Open centipeda opened 8 years ago
another thing is, this issue is "solved" by Github's notification inbox. You see all the events you've missed there.
If each event has the name of the repo in it, you could just accumulate data and distribute to the subscribed users the repos they requested.
I don't see a problem with keeping the events stored somewhere until digest time.
If an API request can get you the event history, you could just read that and send the history up to the last digest. If that's possible, it wouldn't be watching, it'd be checking
if none of that made sense, I apologize. I'll blame it on sleepy
Oh, dang, that should work much better. I'all double-check the docs and see if that can be done.
good. I'm glad that helped a bit. I may have been a bit tipsy at time of write :3
I'm asking mostly because of issue #3, for periodic notifications from repositories on GitHub. There are a few ways I've found you can accomplish this -- manually caching all repo data, installing webhooks on each repo, and reporting the notifications you receive when you "watch" a repository as a user.
Attempting to cache the data of the repos you want notifications from is incredibly unwieldy (and raises questions of privacy).
Installing webhooks onto a repo is the most convenient solution and works well, but requires permission from the repo owner to install webhooks. Additionally, there is already integrated support for webhooks within Discord, which already functions with GitHub. I'm going to assume that anyone who wants notifications from GitHub through Discord and has the permission to install webhooks on all the repos they want notifications from would use Discord's builtin stuff.
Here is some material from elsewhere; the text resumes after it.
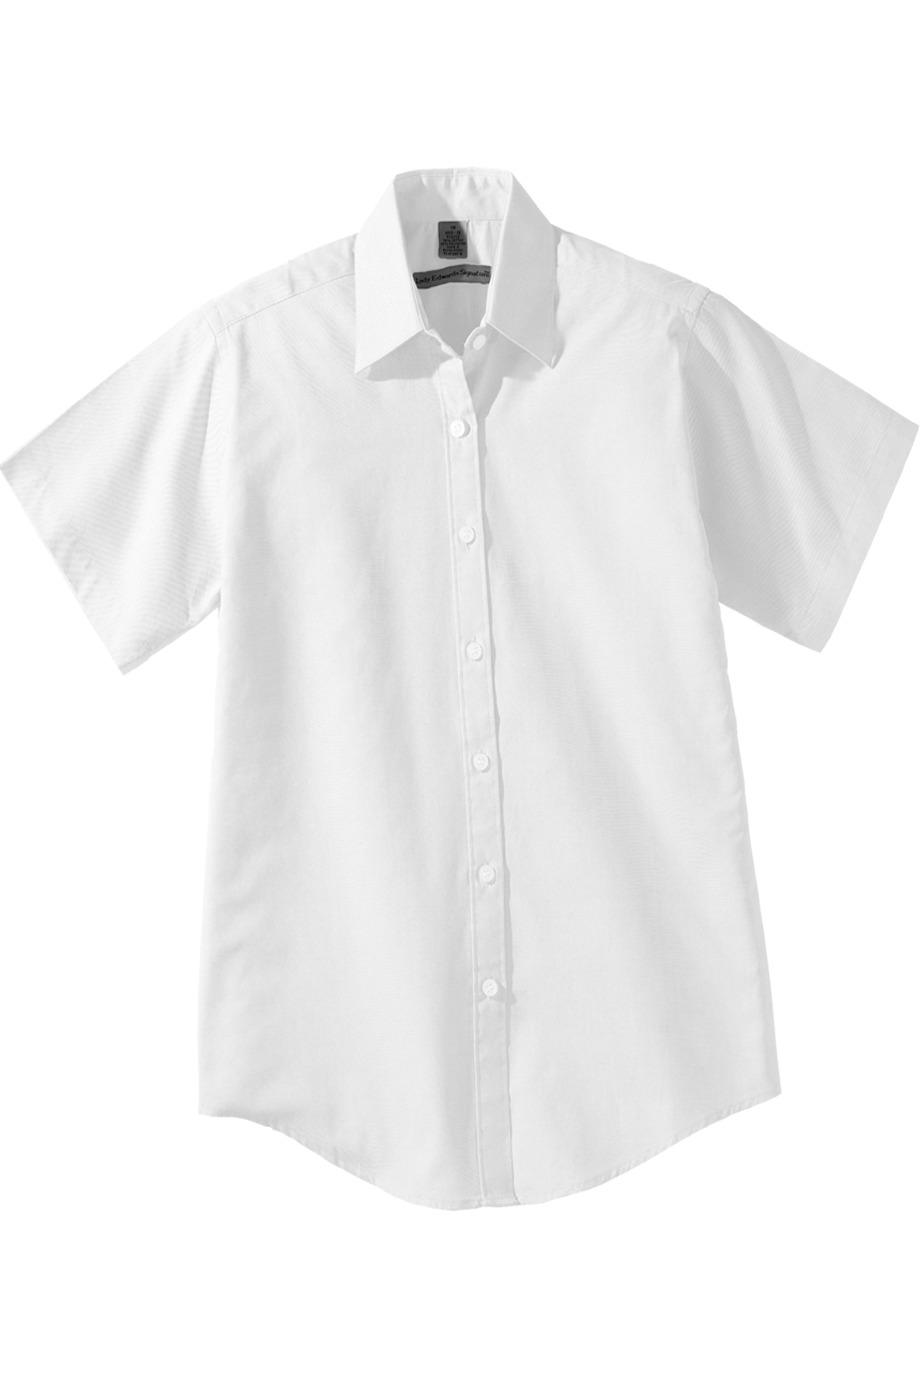 Edwards Garment 5925 - Women's Short Sleeve Pinpoint ...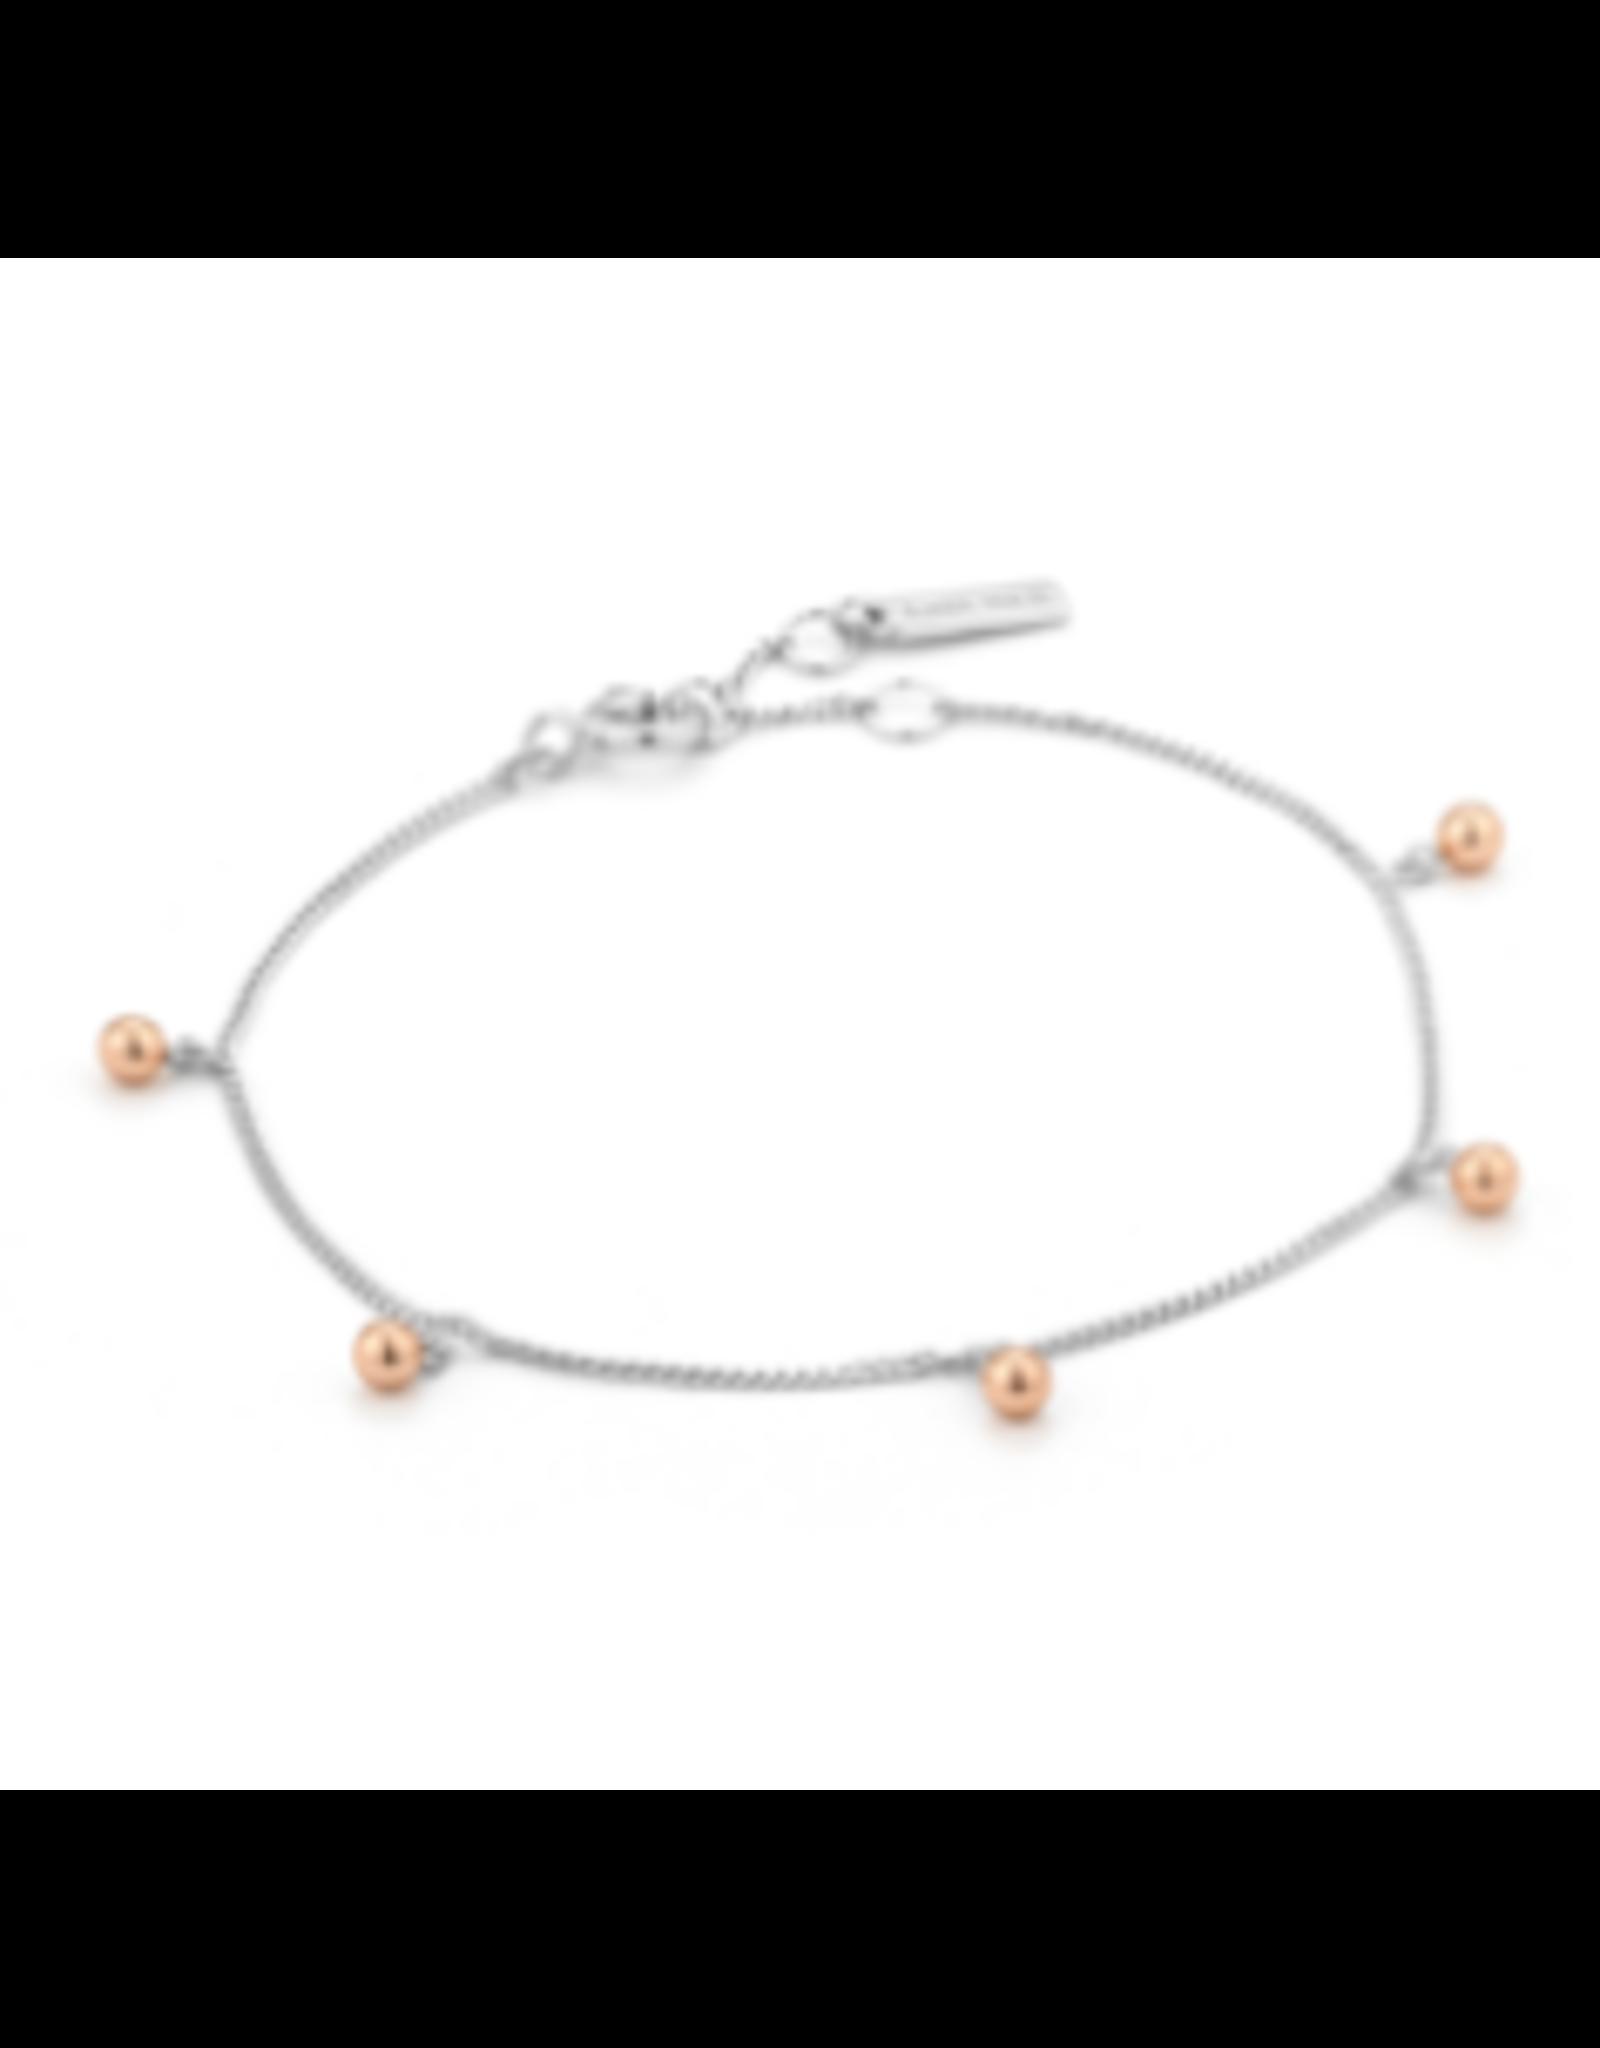 Orbit Drop Balls Bracelet, silver & rose gold

That leaves the third option, "watching". You can, through the API, set a repo to being "Watched", in the same way you'd click "Watch" on a repository or organization to receive notifications when there's activity. This requires the cog to log in through the API with a GitHub username and password/personal access token. This raises the question of whose account the cog should be granted access to. If the bot owner gives his credentials to the bot and lets users subscribe the bot to arbitrary repos, then the bot owner is now potentially flooded with notifications from repositories he didn't subscribe to himself. The only other option (that I can think of) is to create an entirely new account for the bot and use that account's credentials to log in and subscribe to repos, which seems inconvenient and unnecessary for an application as small as this. Who, then, should the bot authenticate as?
There's probably a much simpler solution staring me in the face, but I can't see it right now. Your thoughts would be appreciated.